You can also do u and variants thereof, but I'd rather have the Windbg help documentation explain it for ya.

Let's try the uf command:

Code:

1: kd> uf fffff880`03f991f2
amdk8!C1Halt:
fffff880`03f991f0 fb              sti
fffff880`03f991f1 f4              hlt
fffff880`03f991f2 c3              ret

Notice even though we gave it address fffff880`03f991f2 it started with fffff880`03f991f0. That's because it simply presents the entire function whatever address we gave it is sitting in. So no matter where in the function we give it, it'll display the whole thing from start to finish (more or less). Now what to explain from this output. We see three instructions: sti (set interrupt flag), hlt (halt) and ret (return). Do a google and you'll find that this is also present in the generic hal!HalProcessorIdle routine that amdk8!C1Halt replaced.

Honestly, with research you will find there's no code difference or really anything that could bug this code out. It's standard fare, and nothing suspect about it. This has also been confirmed by the person that has been victimized by these crashes: they updated their chipset drivers that covers this specific driver, and no change has been made at all to the code (nor has the problem been resolved). So we're left with a rather innocuous little bit of code.

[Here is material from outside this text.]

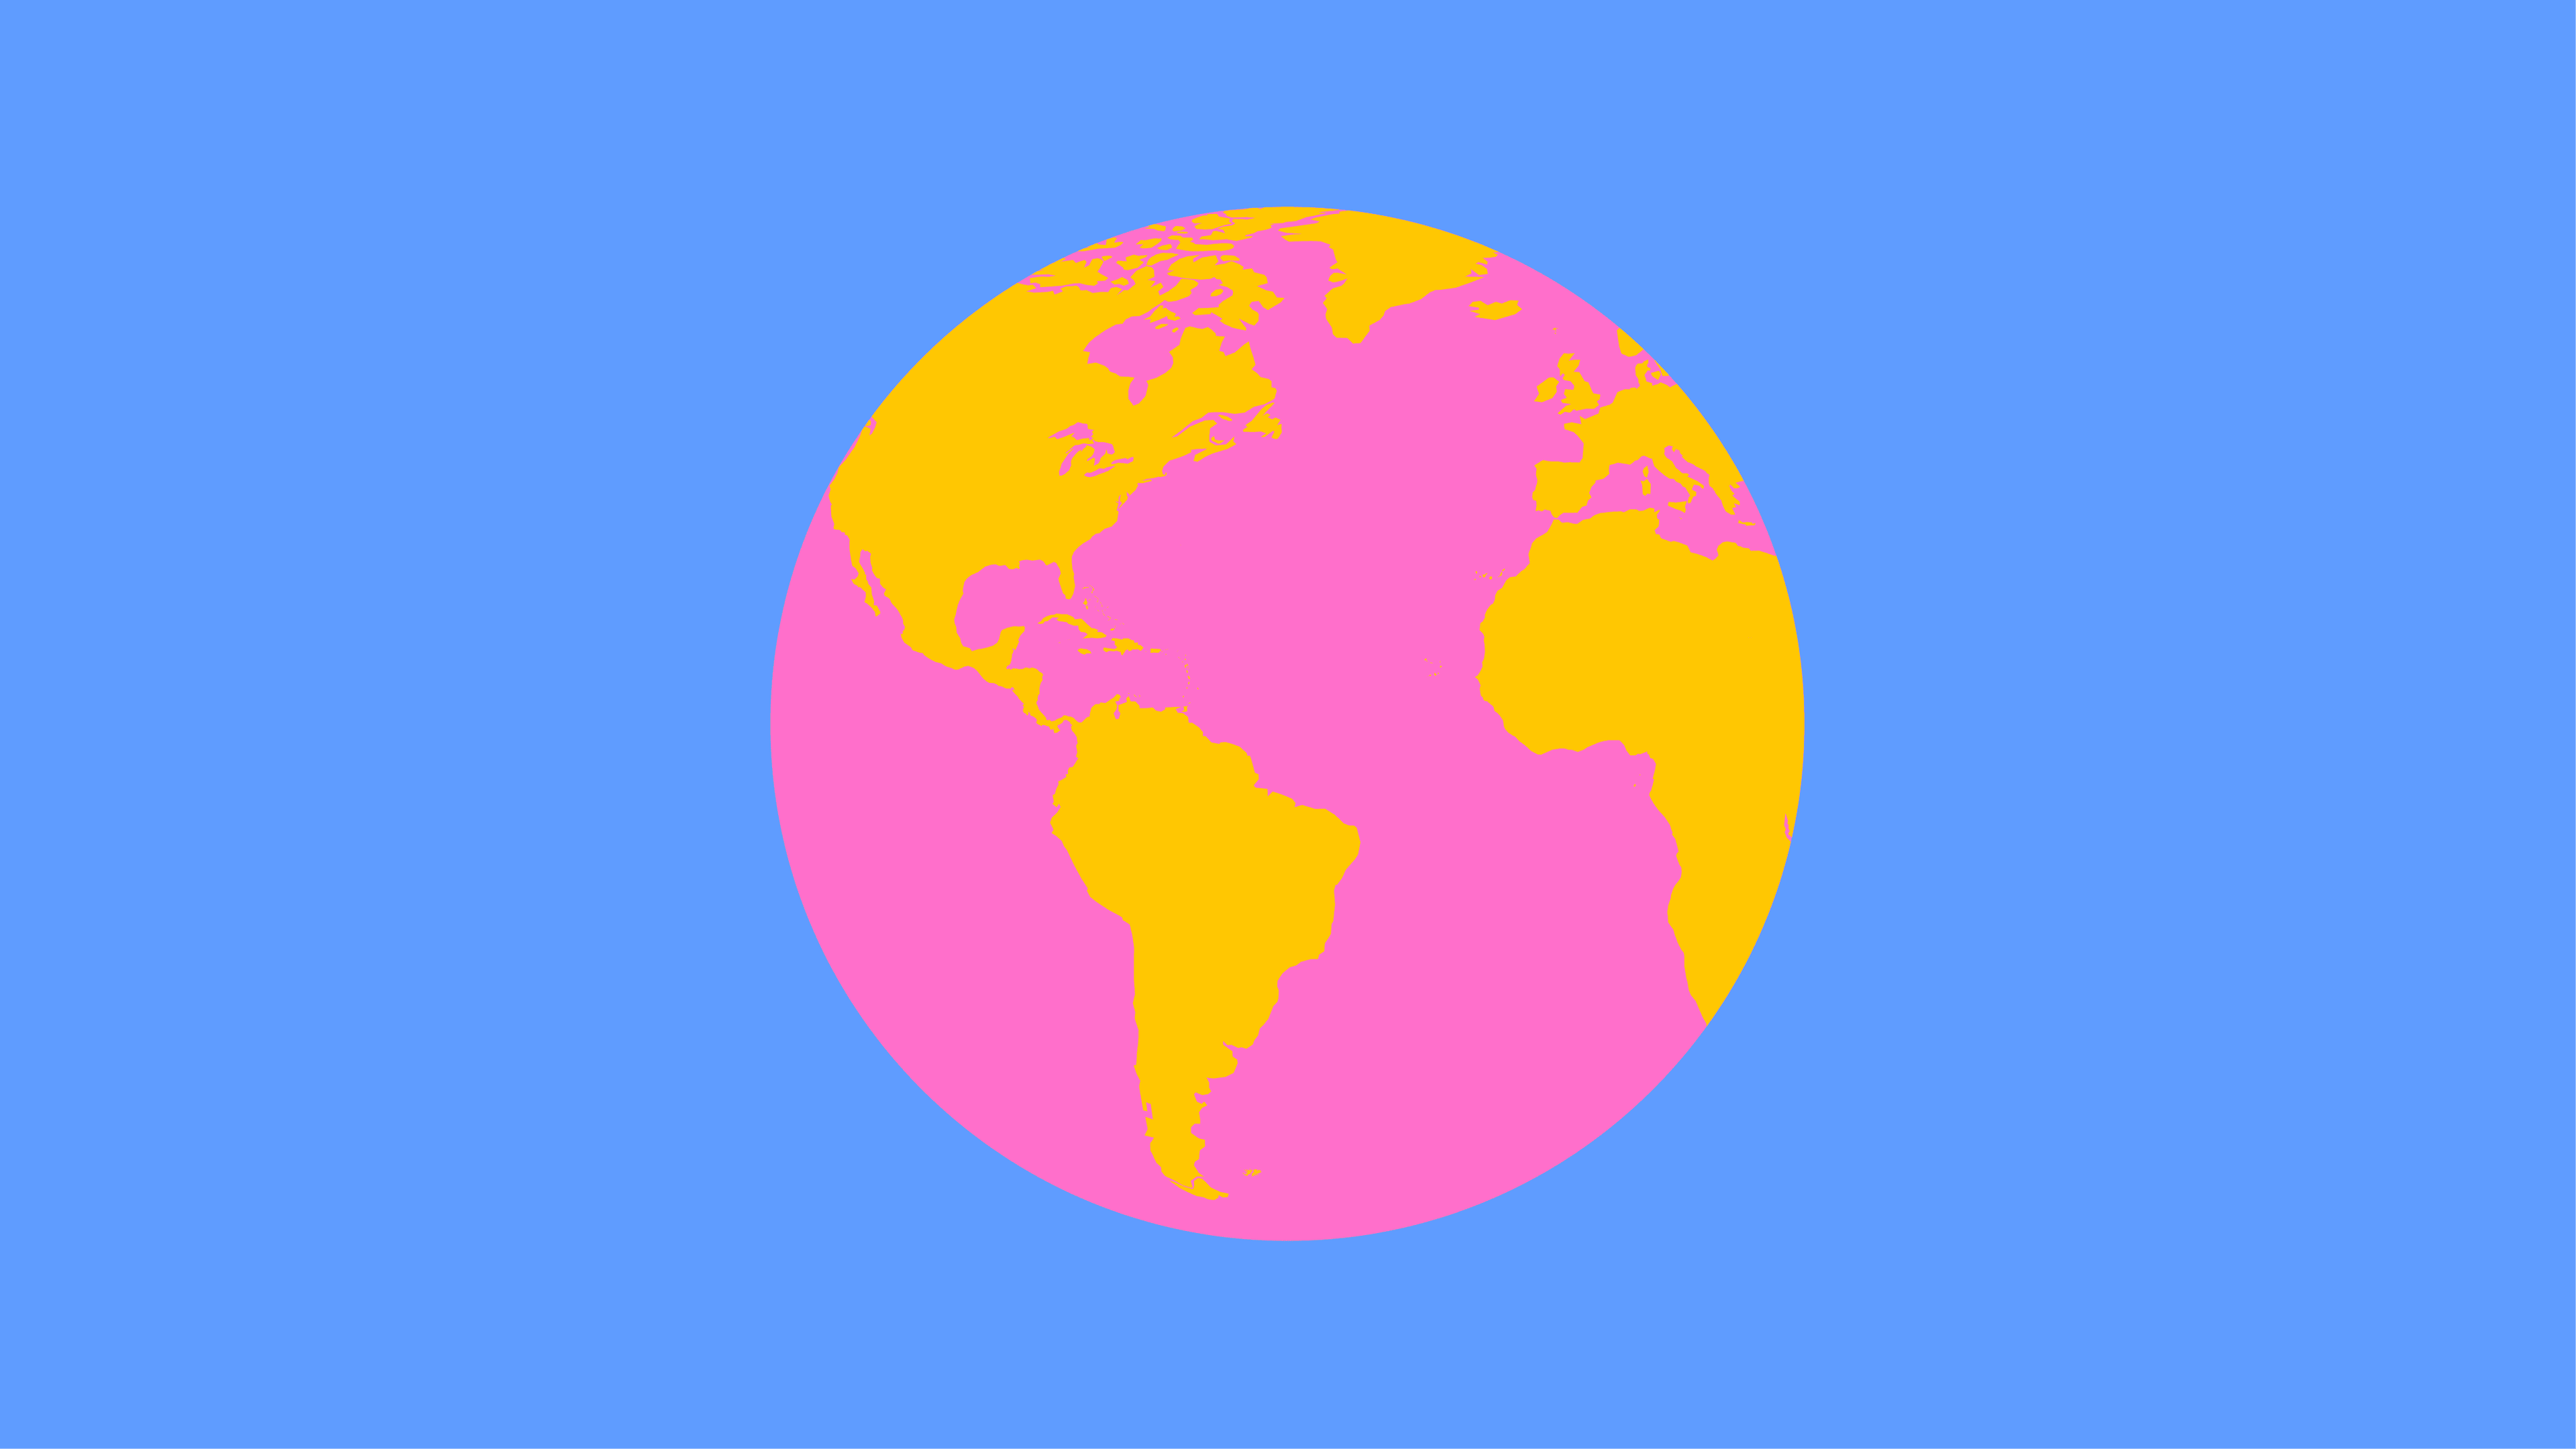 Stylized illustration of a globe

But wait now, what does this code actually do? Well, the first instruction is sti, or the set interrupt flag instruction. It sets the processor to be ready to process any interrupts that comes its way. The next instruction, hlt, halts the processor until the next interrupt pops up. Then there's the standard ret or return. So, wait a minute, if it was set to accept any interrupts and wait until it gets one, why hasn't the clock interrupt popped up on Processor 1's callstack? Wasn't this all done to get it to wait and ready to grab on the next available interrupt? Why didn't it even bother starting to deal with the clock interrupt?

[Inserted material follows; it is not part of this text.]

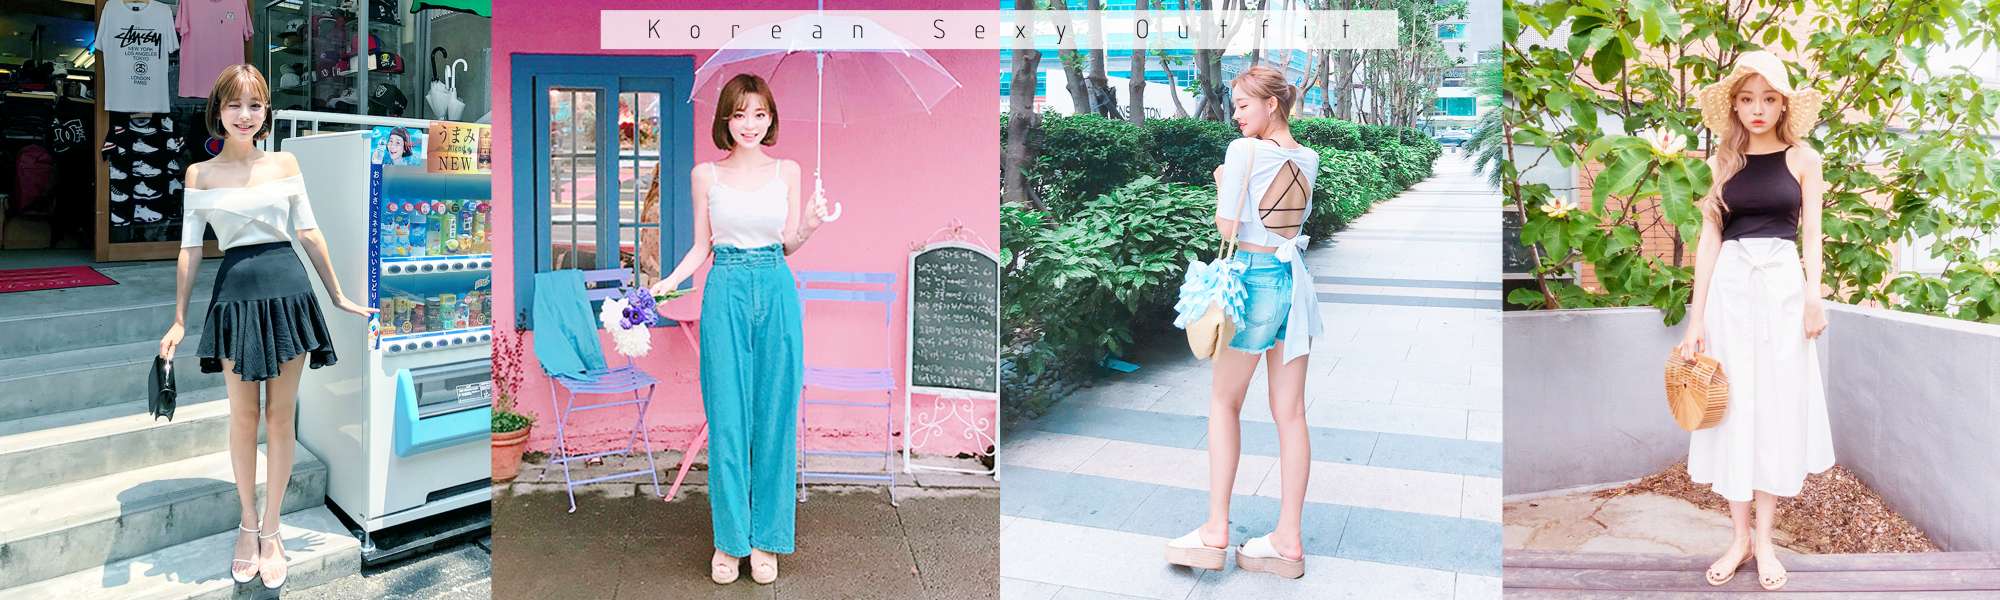 Top 4 Sexy Korean Outfit Ideas that don't overdo it! - Fasheholic

We can get even more info on this by understanding how the sti instruction works. It does so by setting a flag register (which is only either 0 or 1, hence the name 'flag register') called the interrupt flag (if) from 0 to 1 if it has not already been 1, otherwise it just leaves it as 1. Once this flag is set, this processor should accept any interrupts coming its way. So, the last thing we can check here is the interrupt flag. Maybe, perhaps, the sti instruction set the interrupt flag to 1 and something else later changed it back to 0! Let's take a look. Remember to be in the processor context of Processor 1 when you do this. Type the r command (register) followed by the name of the register you want, which in this case is if.

Code:

1: kd> r if
if=1

So there it is. The interrupt flag at the time was in fact 1. It should've handled an interrupt to it, but it didn't. Nothing here reveals that it should've stopped Processor 1 from accepting the clock interrupt which would've prevented this crash. Instead, it continued to sleep, and crashed it went.

What you see here is the example of what very well appears to be a perfectly good condition, but somehow something still went wrong. It means there had to be a hardware issue involved, and since everything else says "everything's cool" we can only point blame at the CPU simply not responding to the interrupt despite being given the green light to do so.

And sure enough, that appears to have been the case. At the time of this writing, the client has installed a new replacement CPU and has had no issues since.

Thanks for reading this, and I hope it has entertained and enlightened you on some stuff, as well as given you questions that hopefully I or someone else can answer. Again, if you suspected any errors (typos, misconceptions, etc.), don't hesitate to pass comment to me. Have fun, guys!

Note:

One thing I want to add concerning this particular 0x101 bugcheck is for people to observe the context for Processor 1 (the processor core that hung). Notice that the entire context is intact: the registers, the callstack of the latest thread, etc., all are present and preserved. If Processor 1 was hung, how could this be? Just so you know, while the entire processor context is stored into memory (which can be later dumped like everything else into a crashdump during a crash), the processor still is responsible to fill in that context. So how did everything get preserved if the processor involved was stuck?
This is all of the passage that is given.